Not sure is that netty bug or my own. Decoder code - https://github.com/blynkkk/blynk-server/blob/master/common/src/main/java/cc/blynk/common/handlers/common/decoders/MessageDecoder.java

Activity

normanmaurer

normanmaurer commented on Nov 4, 2015

@normanmaurer
Member

@doom369 can you show me all the handlers you have in your pipeline ?

ninja-

ninja- commented on Nov 4, 2015

@ninja-

@doom369 I am pretty sure you broke the refcnt somewhere in your handlers, somewhere near composite buffers...

doom369

doom369 commented on Nov 4, 2015

@doom369
ContributorAuthor

@ninja- how could that be if in pipeline where error happen there is no my code that manages refcnt at any way. Netty code itself manages this. Also server was running for a weeks with load ~700 req/sec and this is only such error I found.

doom369

doom369 commented on Nov 5, 2015

@doom369
ContributorAuthor

One more, but look like in another pipeline (with SSL Handler)

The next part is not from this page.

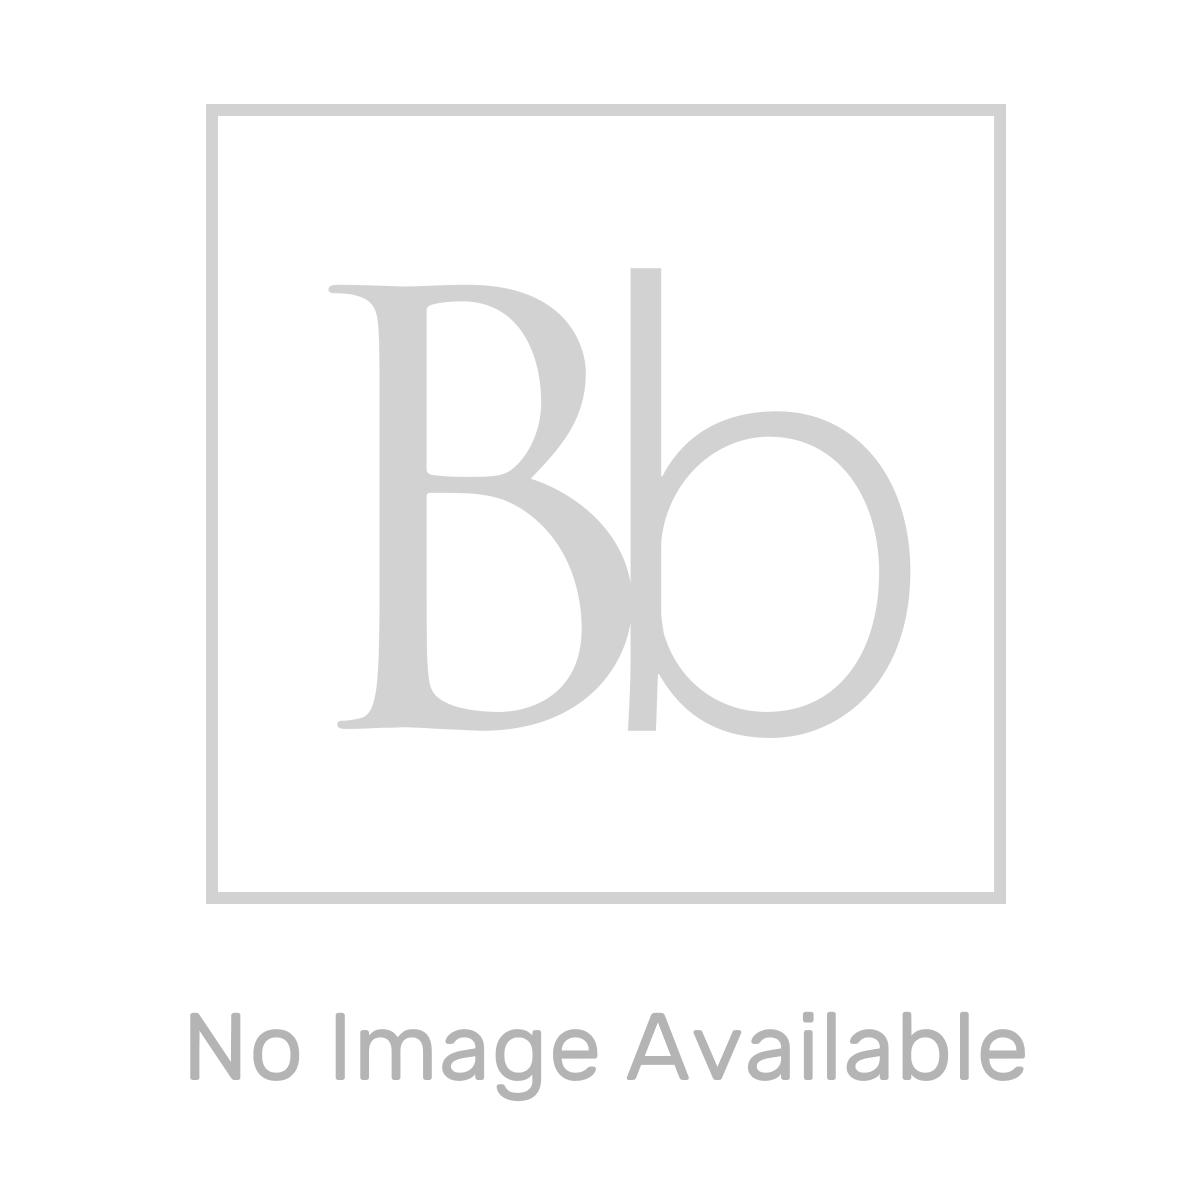 Frontline Standard Rectanglular Shower Tray 900 x 760mm

io.netty.handler.codec.DecoderException: io.netty.util.IllegalReferenceCountException: refCnt: 0
    at io.netty.handler.codec.ByteToMessageDecoder.callDecode(ByteToMessageDecoder.java:380)
    at io.netty.handler.codec.ByteToMessageDecoder.channelRead(ByteToMessageDecoder.java:244)
    at io.netty.channel.AbstractChannelHandlerContext.invokeChannelRead(AbstractChannelHandlerContext.java:308)
    at io.netty.channel.AbstractChannelHandlerContext.fireChannelRead(AbstractChannelHandlerContext.java:294)
    at io.netty.handler.timeout.ReadTimeoutHandler.channelRead(ReadTimeoutHandler.java:152)
    at io.netty.channel.AbstractChannelHandlerContext.invokeChannelRead(AbstractChannelHandlerContext.java:308)
    at io.netty.channel.AbstractChannelHandlerContext.fireChannelRead(AbstractChannelHandlerContext.java:294)
    at io.netty.channel.DefaultChannelPipeline.fireChannelRead(DefaultChannelPipeline.java:846)
    at io.netty.channel.epoll.AbstractEpollStreamChannel$EpollStreamUnsafe.epollInReady(AbstractEpollStreamChannel.java:805)
    at io.netty.channel.epoll.EpollEventLoop.processReady(EpollEventLoop.java:346)
    at io.netty.channel.epoll.EpollEventLoop.run(EpollEventLoop.java:254)
    at io.netty.util.concurrent.SingleThreadEventExecutor$2.run(SingleThreadEventExecutor.java:112)
    at io.netty.util.concurrent.DefaultThreadFactory$DefaultRunnableDecorator.run(DefaultThreadFactory.java:137)
    at java.lang.Thread.run(Thread.java:745)
Caused by: io.netty.util.IllegalReferenceCountException: refCnt: 0
    at io.netty.buffer.AbstractByteBuf.ensureAccessible(AbstractByteBuf.java:1177)
    at io.netty.buffer.AbstractByteBuf.checkIndex(AbstractByteBuf.java:1128)
    at io.netty.buffer.UnpooledUnsafeDirectByteBuf.internalNioBuffer(UnpooledUnsafeDirectByteBuf.java:480)
    at io.netty.handler.ssl.SslHandler.toByteBuffer(SslHandler.java:1146)
    at io.netty.handler.ssl.SslHandler.unwrap(SslHandler.java:1138)
    at io.netty.handler.ssl.SslHandler.unwrap(SslHandler.java:1028)
    at io.netty.handler.ssl.SslHandler.decode(SslHandler.java:968)
    at io.netty.handler.codec.ByteToMessageDecoder.callDecode(ByteToMessageDecoder.java:349)
    ... 13 more
Scottmitch

Scottmitch commented on Nov 5, 2015

@Scottmitch
Member

@doom369 - It seems that buffer which is owned by ByteToMessageDecoder is being "double" released. However the decoder you linked to (MessageDecoder) copies the input buffer into a string, and does not release the input buffer, so that shouldn't create problems.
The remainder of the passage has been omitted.